Another avenue to explore is why the join performs so poorly. Have you run it through EXPLAIN ANALYZE and checked for any obvious issues, like missing indexes?

The model doesn’t get rid of the join, it codifies it.

Right, that’s what I meant.

You said that my_view.list_id is set as a Entity ID column in Table Metadata. What is set as the matching Entity Name column?

I’m not sure I follow here sadly. In the Table Metadata, I’ve configured this column to be an Entity key, but I’m not sure I know what the Entity Name you’re referring to is or where it’s defined.

Another avenue to explore is why the join performs so poorly. Have you run it through EXPLAIN ANALYZE and checked for any obvious issues, like missing indexes?

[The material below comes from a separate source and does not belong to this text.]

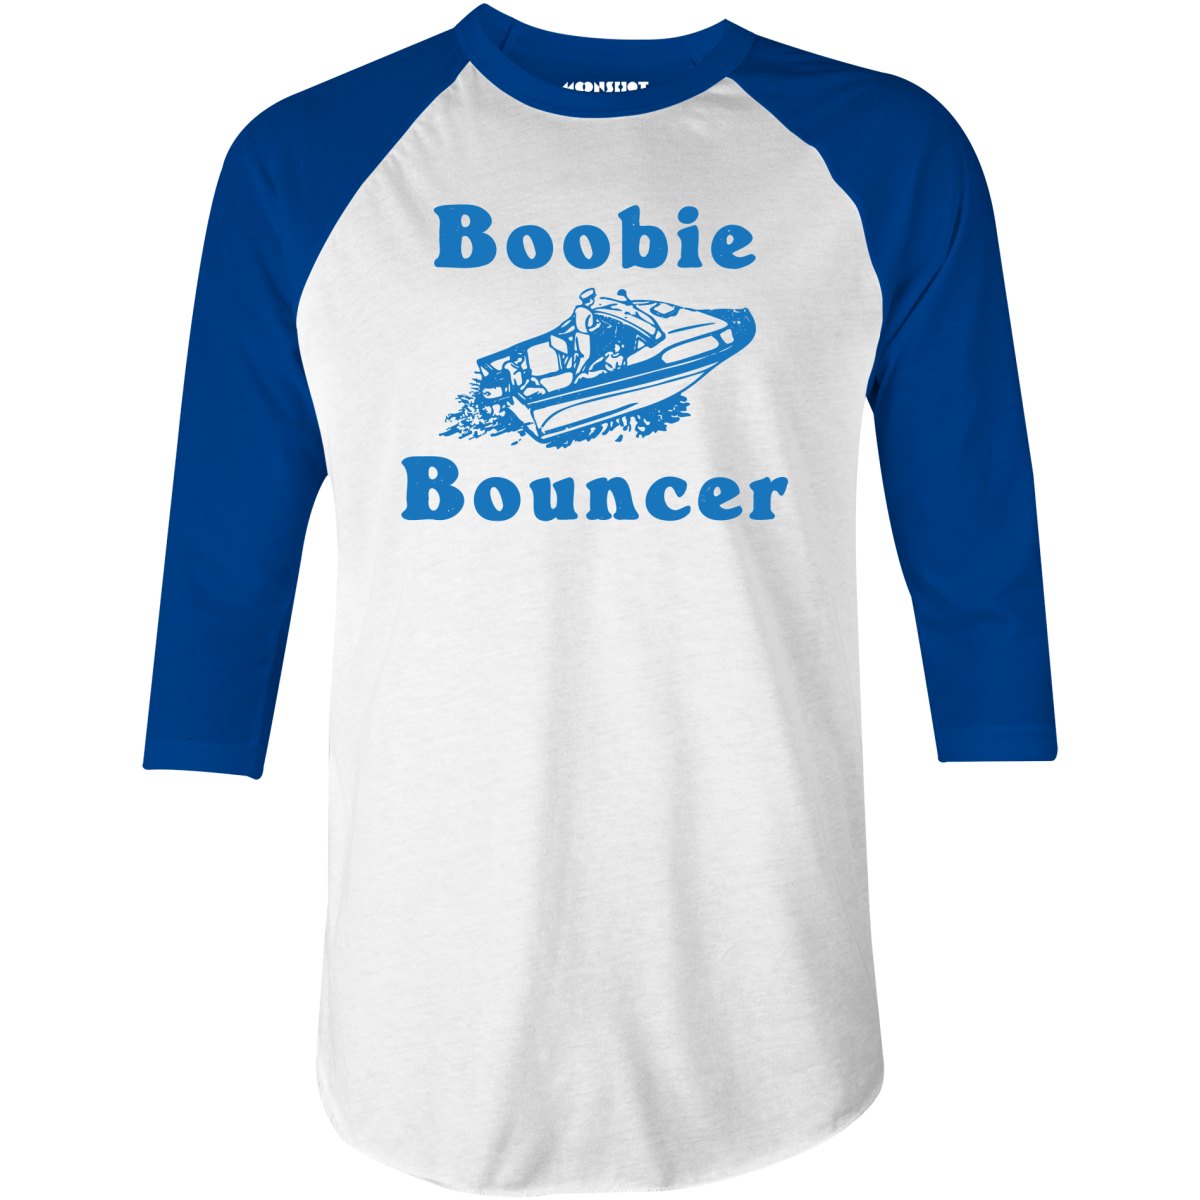 Boobie Bouncer - 3/4 Sleeve Raglan T-Shirt
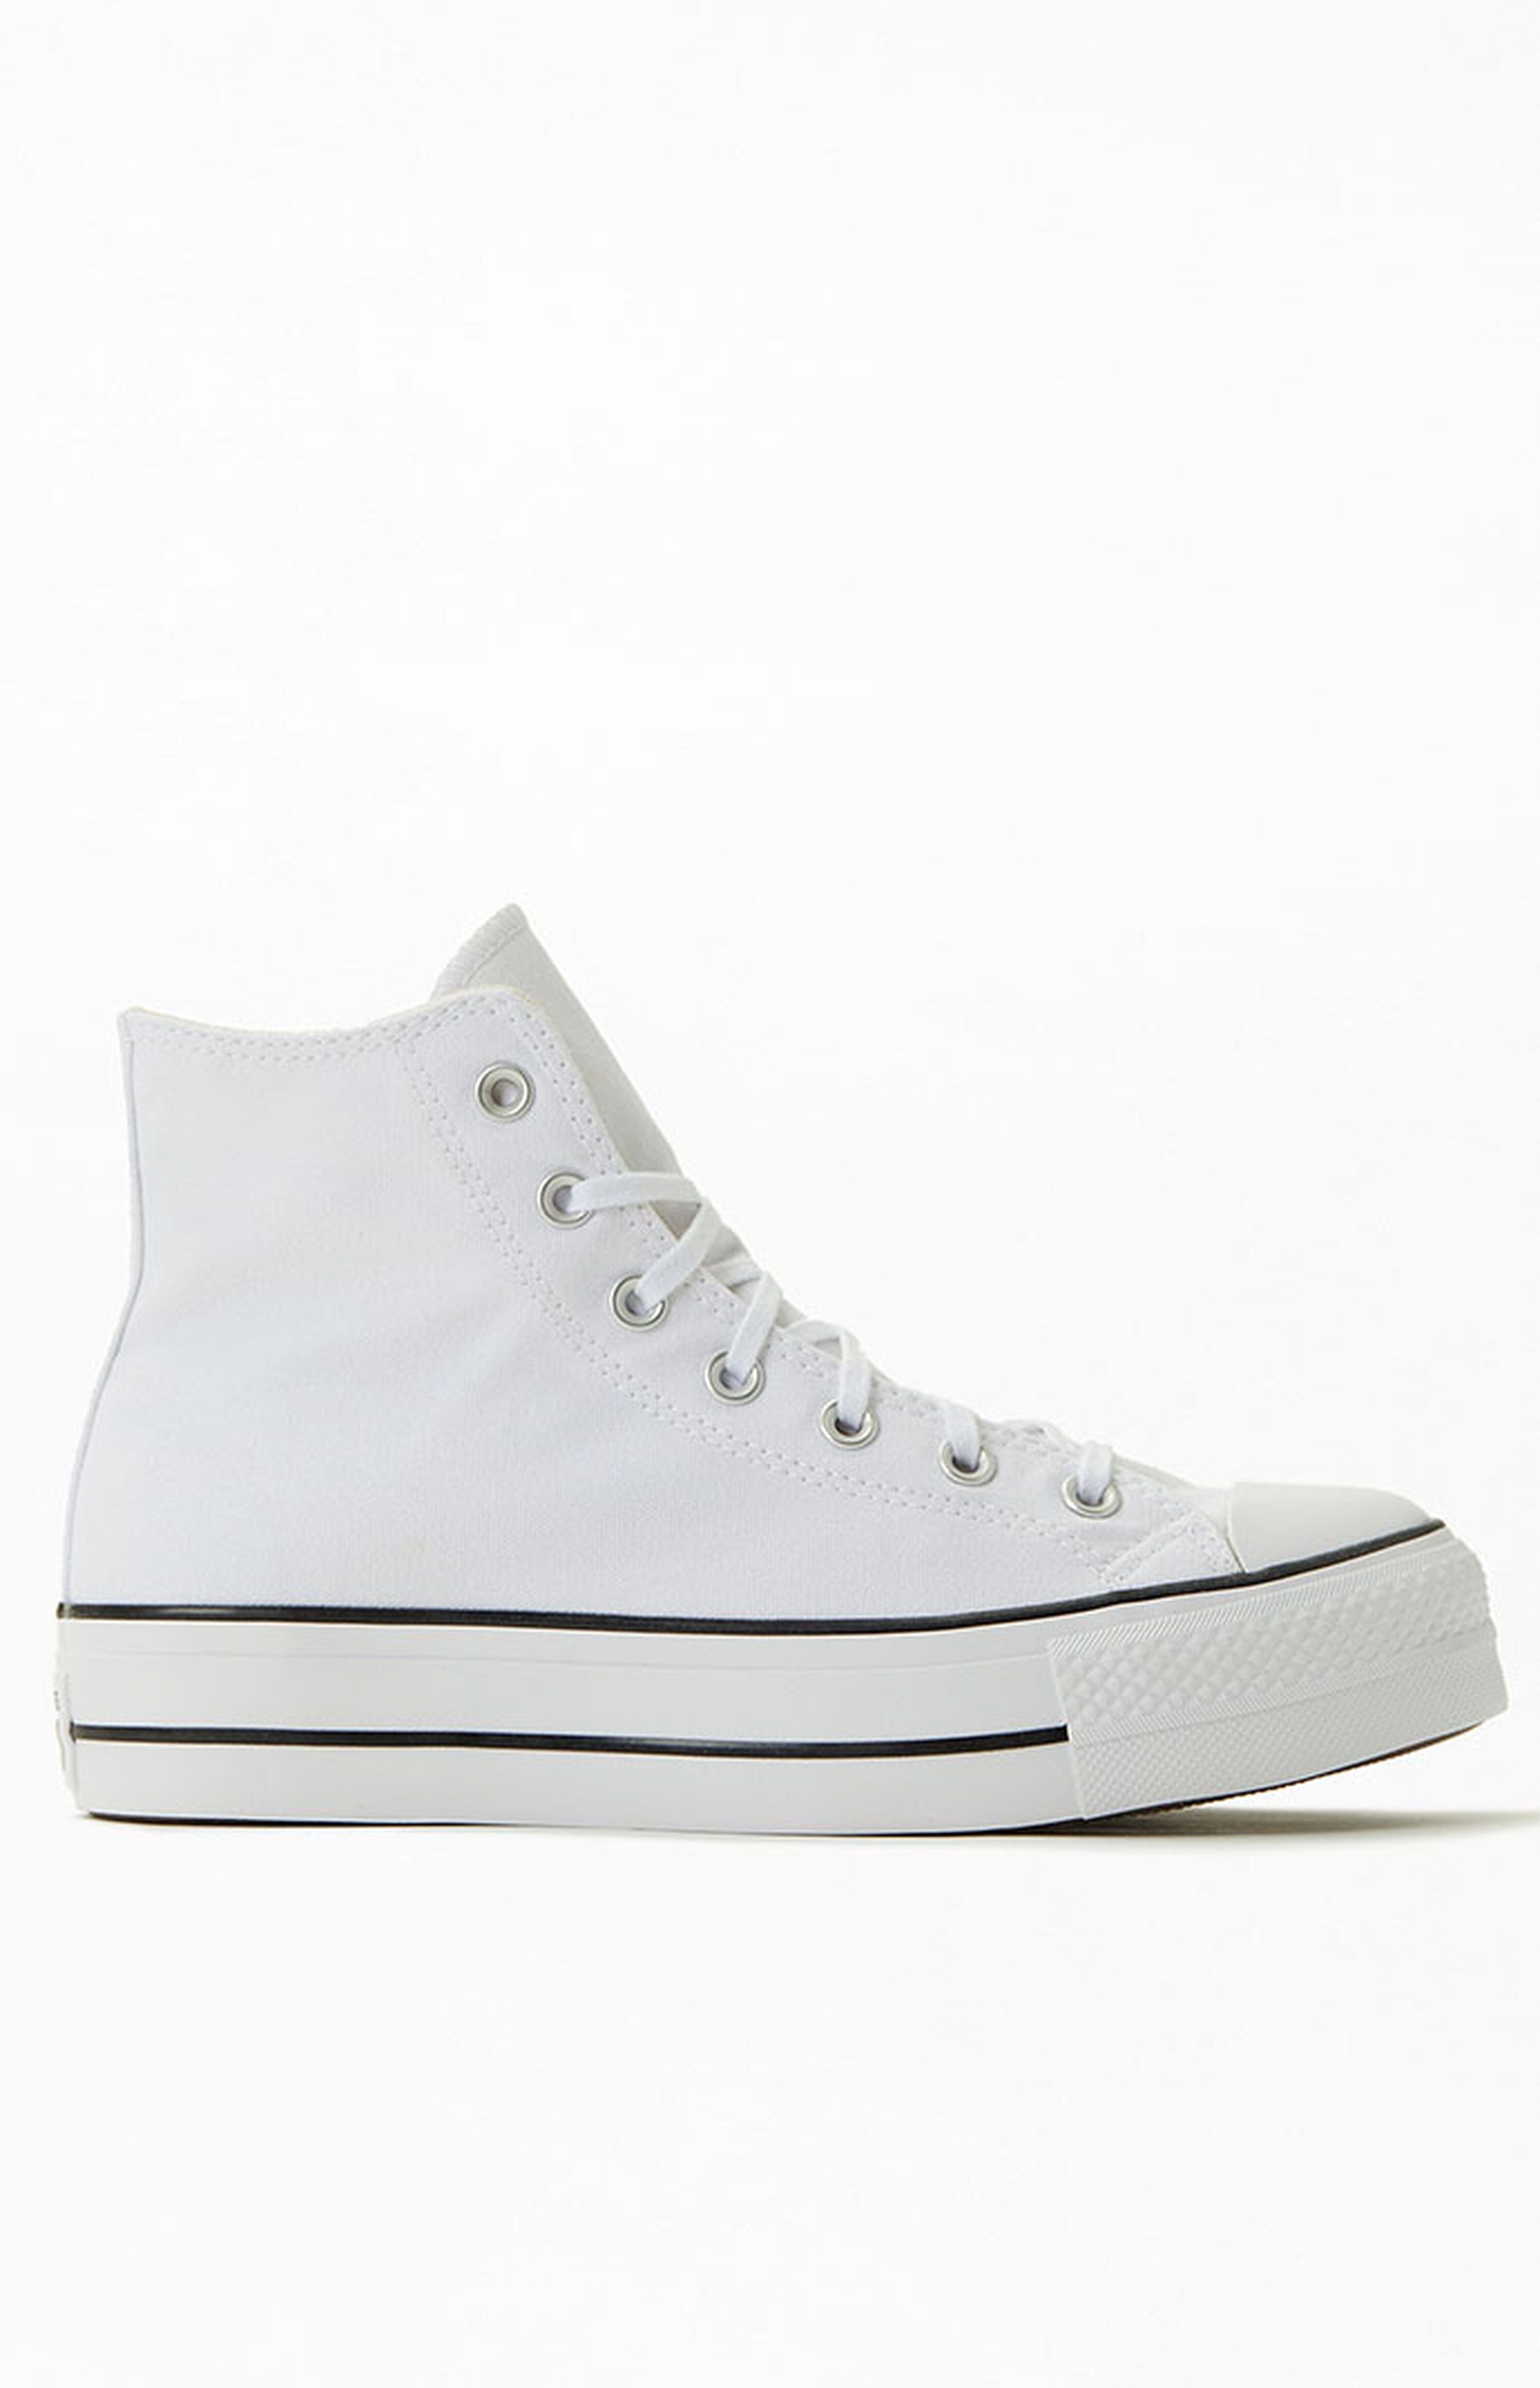 Converse White Chuck Taylor Platform High Top Sneakers | PacSun

I’ve tried, but the query keeps timing out.. I do have indeces set up on list_id and company_id in my tags_snapshot table, which are the fields I’m joining on in my SQL queries and in the underlying query for the dropdown (just list_id for that one).

Taking a step back, would codifying the LEFT JOIN into a Model object potentially help with performance? Or just displace the issue elsewhere?

As a note, the only workaround I’ve found to this problem so far is to create a separate field filter on list_id in the tags_snapshot table, in all the questions and at the dashboard level, and linking the datapoint_<x> dropdown (which is populated from tags_snapshot)to that field filter so it bypass the LEFT JOIN on my_view . But it’s quite ugly, as we end up having two equivalent filters for the same value (list_id), pointing to the same column in the two tables which are already joined in the questions.

By adding predicates on both tables for the join condition, you’re turning the outer join into an inner join. Makes a huge difference in the number of rows returned, especially if the cardinality of list_id is large.

Can you start a fiddle on dbfiddle.uk, load your schema (and some sample data, if possible) into it, and post the link here so I can run some tests? Also add your exact MySQL version in a comment. You can anonymize column names if needed, and you can trim the column count down if its excessive, but don’t change the relationship (and relative size) between the tables.